Though they put up with strangers, Korats tend to form strong bonds with their owners. They will spend a lot of time cuddling, and are much more of a lap cat than anything else. They do like going off on their own from time to time, but always prefer to be back with humans they trust as the end of the day.

Korats are not a particularly vocal breed. Even so, they do make a series of noises, from chirps to soft meows, from time to time. This commonly comes about when they want attention.

2. How to Care for a Korat Cat


Unlike breeds that are able to get a wide mix of food, Korats need a steady diet of fat and protein. Though there is no exact measurement for this, it is best to find brands that contain 20 percent fat and 25 to 30 percent protein.

Kittens do best when eating food made for the early years in life, while older cats can have a more regular diet of any brands that fall in line with the above measurements.

Your Korat should get a small meal at the start of the day and one at dinner time. Keeping a solid schedule is important, as is watching your Korat’s weight. It is easy to overfeed indoor cats. If you see that your feline putting on pounds, simply scale back.


Korat’s have a short single coat that requires very little maintenance. They rarely require baths and only need to be combed roughly once a week to get rid of any dead hairs.

Brush their teeth about once a week to prevent gum disease. In that same time frame, wipe down the corner of their eyes with a damp cloth and clean their ears with a cotton ball or soft rag. Do not use swabs, however, as they can harm the inner ear.

It is important to trim their nails once every two weeks as well.


Korat cats love to play. The felines, while not as active as some other breeds, do need to be run around each and every day.

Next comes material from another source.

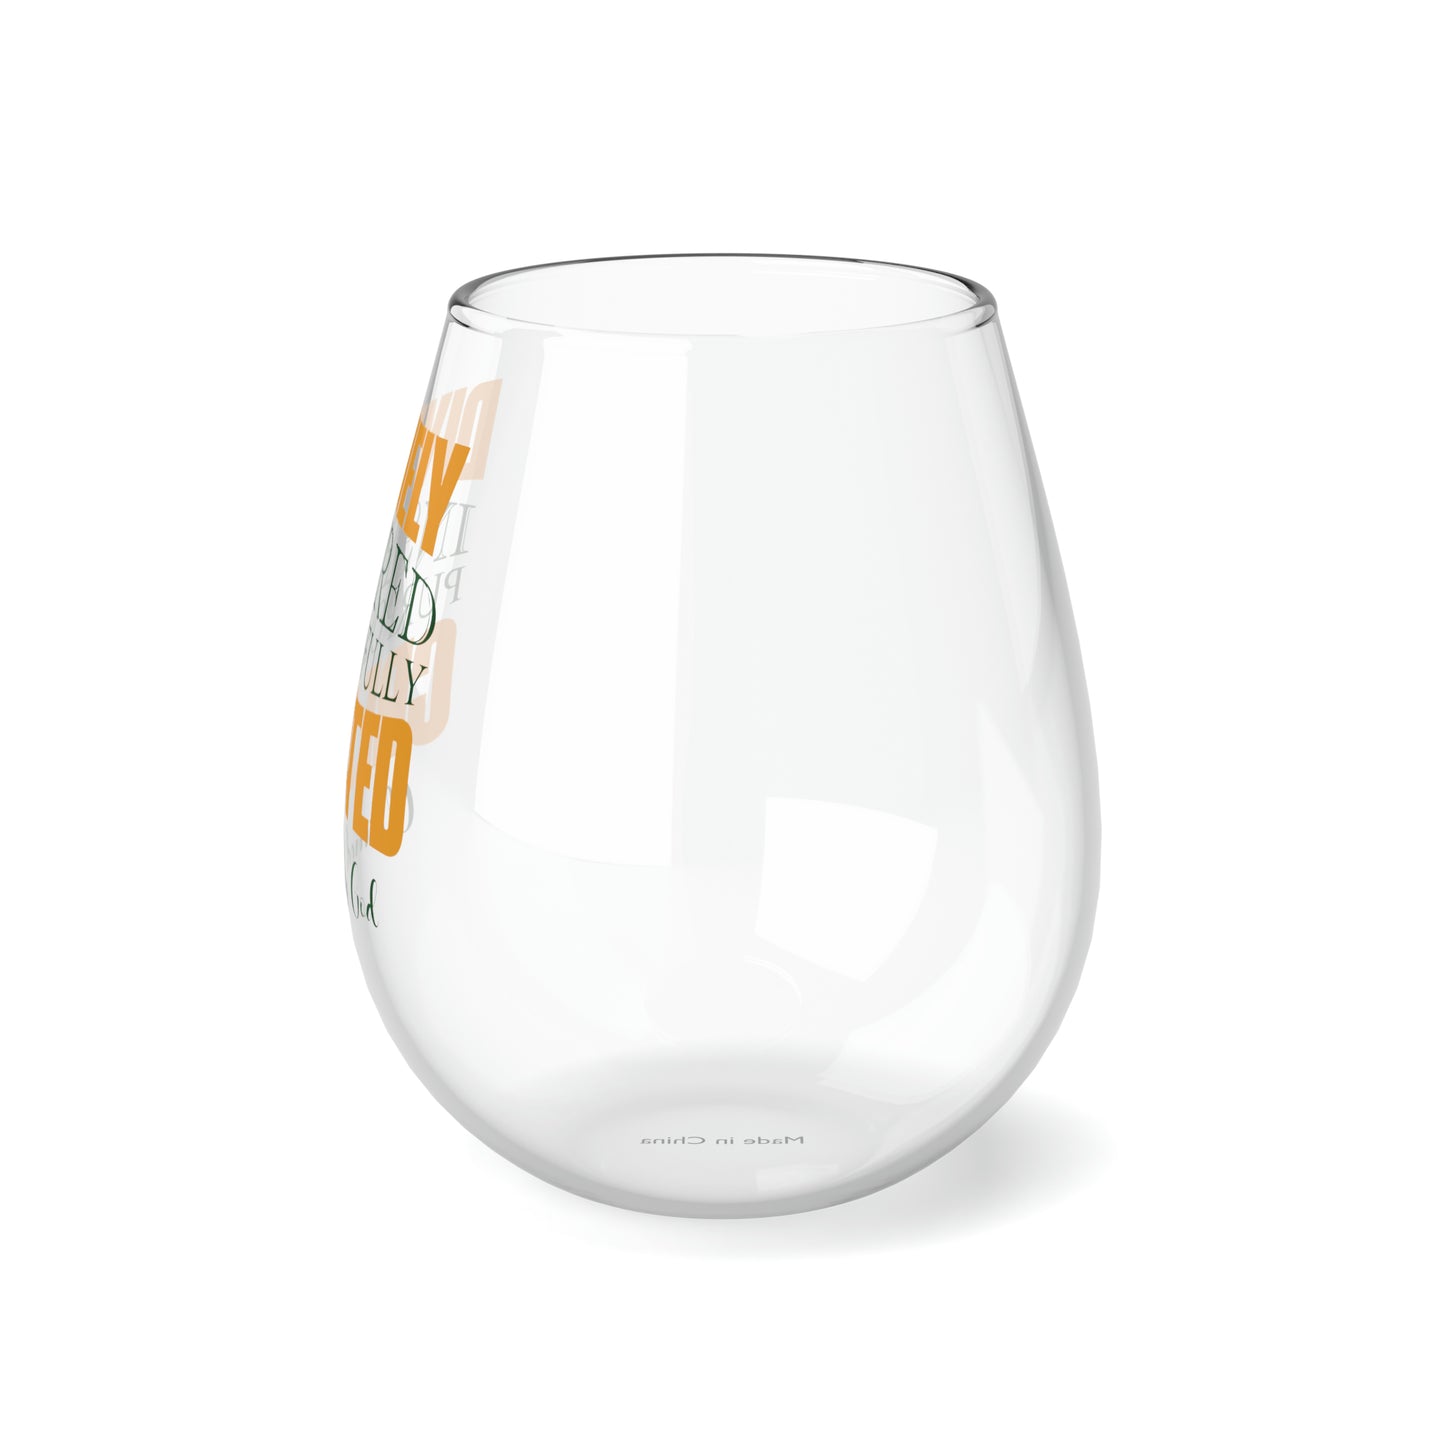 Divinely Inspired Purposefully Created Stemless Wine Glass, 11.75oz

There are many ways to give your Korat kitten the exercise it needs. Toys go a long way with the breed, as do fun objects that get them up and moving. Stairways, climbing posts, and feather wands will get them running in no time at all.

Korats also enjoy walks. Taking them on short trips is a great option for owners who’ve leash or harness trained their cat.


The breed loves to give affection, but only on its own terms. Korats can be quite headstrong, which makes them tricky to properly train.

Even so, if you put in the time and effort you can get yours to play fetch, walk on a leash, and even learn different tricks.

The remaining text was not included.